The present algorithm was tested with actual sitting pressure data recorded at the buttocks–wheelchair interface of paraplegic wheelchair users to demonstrate clinical feasibility. It should be noted that a small sample size test group was tested here. Once the system is put into large-scale clinical trials it would be possible to collect population data on exposure of deep tissues to internal stresses, including time history of stresses and stress asymmetry. Through follow-up studies, this will ultimately allow to define threshold values indicating danger of DTI. In an example depicted in Fig. 5, loads measured with the pressure mat for patient D3 (Table S2) were similar under the left and right IT during the 40–65 s timeframe. Contrarily, internal von Mises soft tissue stresses at that time were evaluated to be higher under the left IT. Undoubtedly, the higher tissue stresses within the left buttock in this particular subject were produced by a sharper left IT indenting a thinner soft tissue layer at that side (Table S2). In common clinical practice, the equally distributed surface pressures would have been regarded as optimal, although internal tissue stresses are not evenly distributed. This example clearly demonstrates the importance of using patient-specific models that calculate internal soft tissue stresses for DTI prevention.

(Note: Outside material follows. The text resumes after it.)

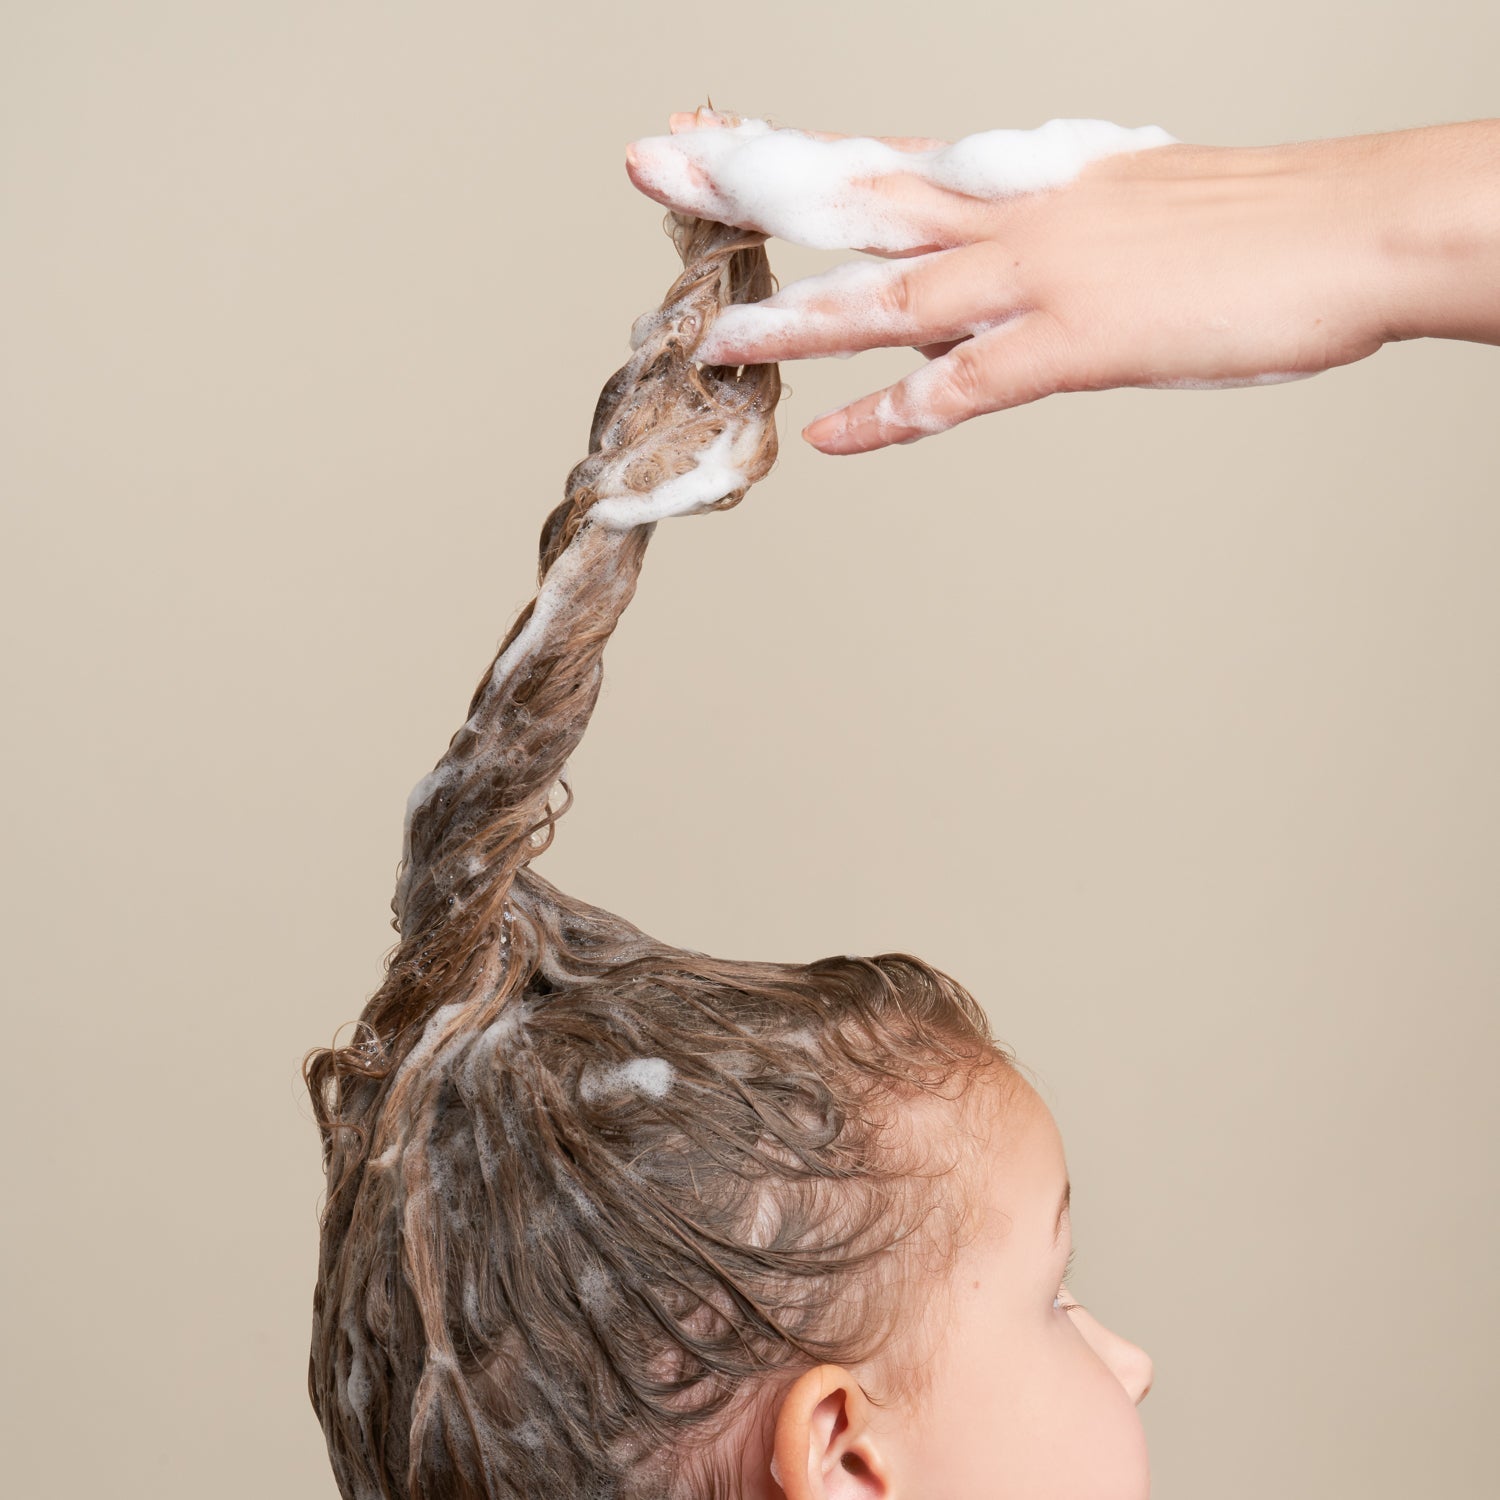 20 Reasons to Switch Your Kid's Shampoo to Natural Shampoo Bars

The heaviest subject, W5 (Table S2), had the highest maximal and average peak internal soft tissue stresses (Table 1). This is consistent with findings of Elsner and Gefen [7] and Sopher et al. [20] who showed, using FE, that abnormal body mass indices, either overweight or underweight, contribute to the state of elevated internal tissue loads, which consequently increases the risk for sitting-acquired DTI.

In conclusion, we propose herein a practical algorithm for real-time patient-specific monitoring of internal tissue stresses under the IT of wheelchair users, in clinical or home settings. We believe that this method holds a high potential for clinical applications, bridging between sophisticated modeling efforts at the research lab and everyday clinical needs. As a next step, we hope to translate it to a medical device ready for large-scale human studies, with the aims of screening patients at risk for DTI, based on high ISD or SAI values, and also, for training patients by means of biofeedback to avoid DTI.